Le Barbier’s canvas was an outlier in subject matter when compared to the artist’s other entries, which included academic nudes and history paintings on topics such as the Siege of Beauvais and the Siege of Kassel.[3] It was also the first significant French academic attempt to visualize and conceptualize Indigenous Canadians, rather than simply parrot pre-existing codes associated with the depiction of “America” in continental allegories. Although Le Barbier’s painting evaded critical attention for several reasons discussed below, his composition had a long visual legacy. It was engraved by François-Robert Ingouf in 1786 (Fig. 2) and realized in terracotta by Joseph-Charles Marin, both of which were exhibited at the Salons of 1793 and 1795, respectively.[4]

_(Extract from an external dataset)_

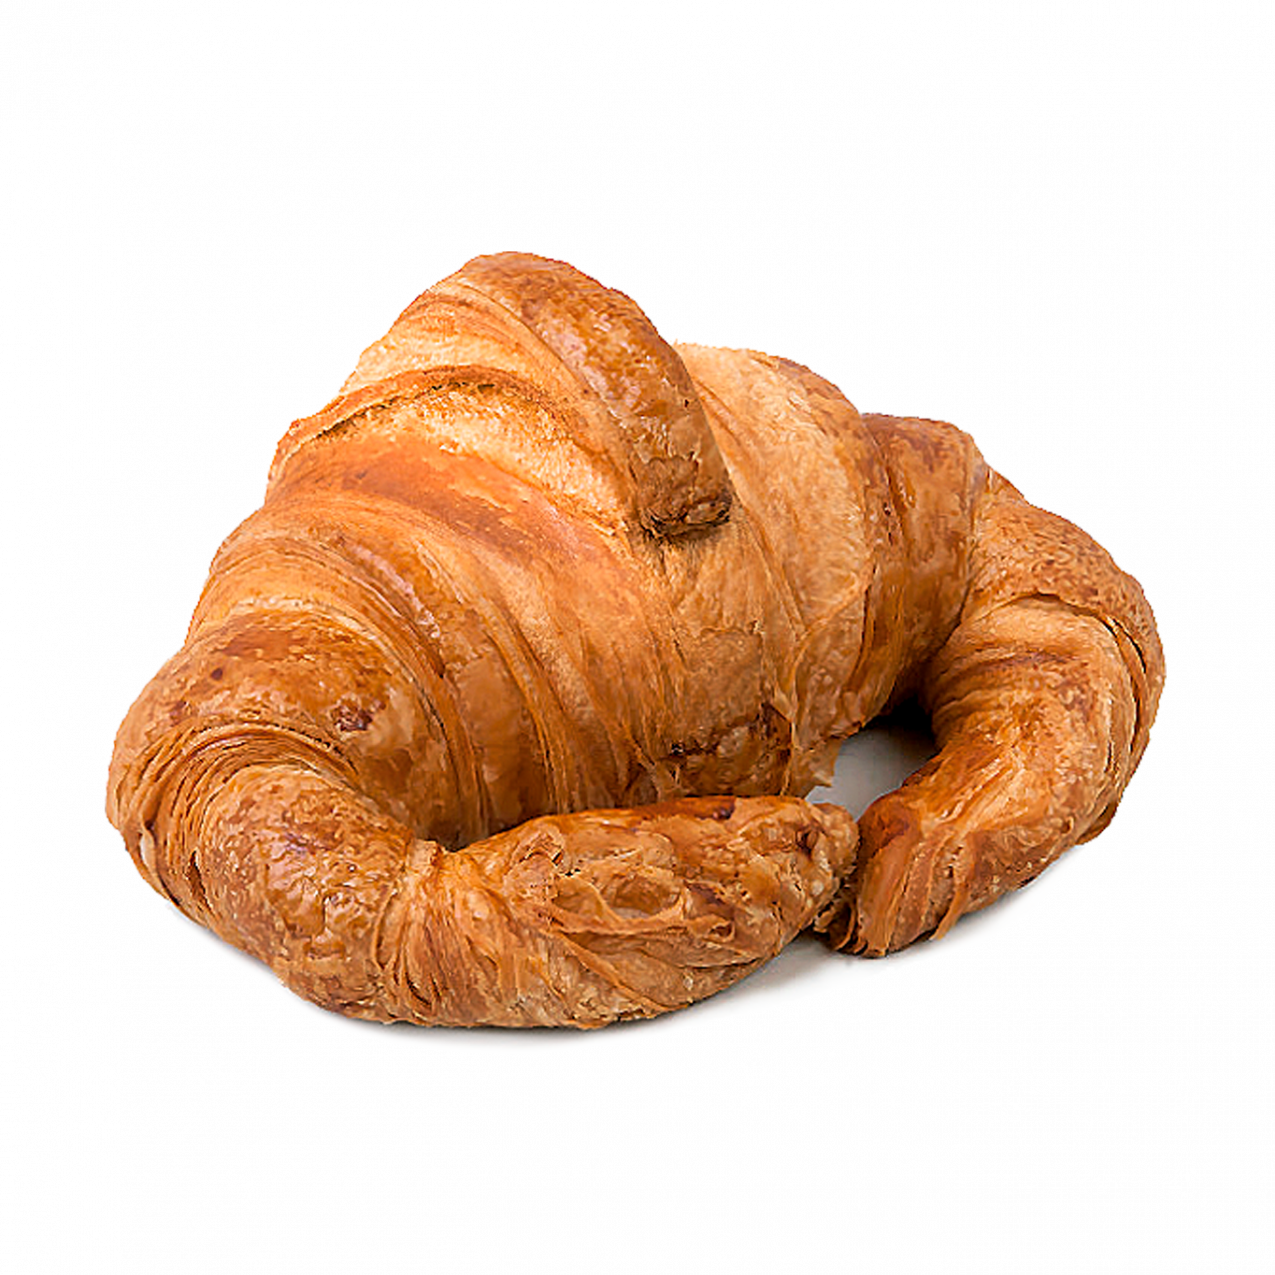 Croissant - el molino de Dia - x13/390g

Situating Le Barbier’s painting within the Salon and the wider culture of metropolitan Paris reveals how we might understand it in relation to racial hierarchies and stereotypes that were becoming increasingly standardized in eighteenth-century French visual culture. Previous discussions of Le Barbier’s painting have read it either as a curious iteration of prevailing sentimentalism in genre painting or as one of many works that capitalized on new ideas about motherhood.[5] More recently, the mention of Canada in the painting’s title has also led scholars and curators to single it out in nearly all discussions of French portrayals of North American Indigeneity.[6]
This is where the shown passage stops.